Garnet-type solid-state batteries (SSBs) are considered to be one of the most promising candidates to realize next-generation lithium metal batteries with high energy density and safety. However, the dendrite-induced short-circuit and the poor interfacial contact impeded the practical application. Herein, interface engineering to achieve low interfacial resistance without high temperature calcination was developed, which Li6.4La3Zr1.4Ta0.6O12 (LLZTO) was simply coated with complex hydride (Li4(BH4)3I (3L1L)) in various mass ratios n(Li4(BH4)3I)-(100−n)LLZTO (10 ≤ n ≤ 40).
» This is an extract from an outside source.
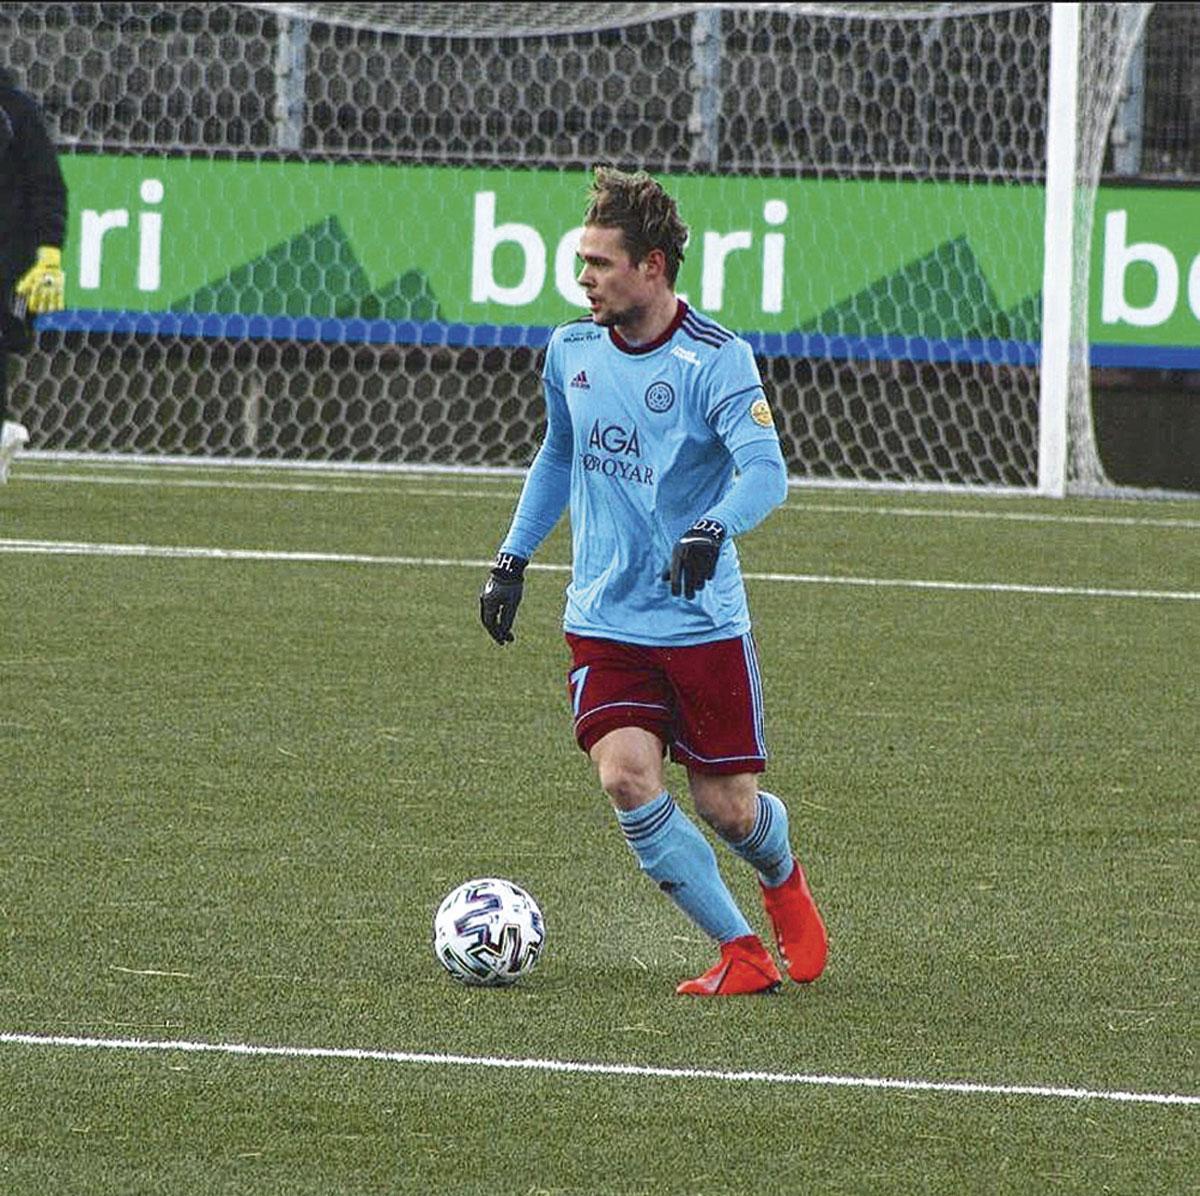 JASPER VAN DER HEYDEN             24 jaar / rechtsbuiten /  AB Argir  (eerste klasse, Faeröer), belgaimage

The interfacial conductivity increases by more than three orders of magnitude from 8.29 × 10−6 S·cm−1to 1.10 × 10−2 S·cm−1. Symmetric Li cells exhibit a high critical current density (CCD) of 4.0 mA·cm−2 and an excellent cycling stability for 200 h at 4.0 mA·cm−2. SSBs with polymeric sulfur-polyacrylonitrile (SPAN) cathode achieve a high discharge capacity of 1149 mAh·g−1 with a capacity retention of 91% after 100 cycles (0.2 C). This attempt guides a simple yet efficient strategy for obtaining a stable Li/LLZTO interface, which would promote the development of solid-state batteries.

Graphical abstract

摘要

本文设计了一种降低Li6.4La3Zr1.4Ta0.6O12(LLZTO)界面电阻的界面工程方法,整个过程无需长时间高温煅烧,在LLZTO表面制备了一系列具有不同质量比氢化物包覆的复合固态电解质n(Li4(BH4)3I)-(100‒n)LLZTO (10≤n≤40)。界面电导率从8.29×10−6 S·cm−1增加到1.10×10−2 S·cm−1,增加近4个数量级 临界电流密度高达4.0 mA·cm−2并且电池可以在4.0 mA·cm−2的电流密度中稳定循环超过200 h。组装的Li/SPAN 全固态电池在100次循环(0.2C)后维持1149 mAh·g−1的高放电容量,容量保持率为91%。这一尝试为获得稳定的Li/LLZTO界面提供了一种简单而有效的策略,这将有利于固态电池的发展。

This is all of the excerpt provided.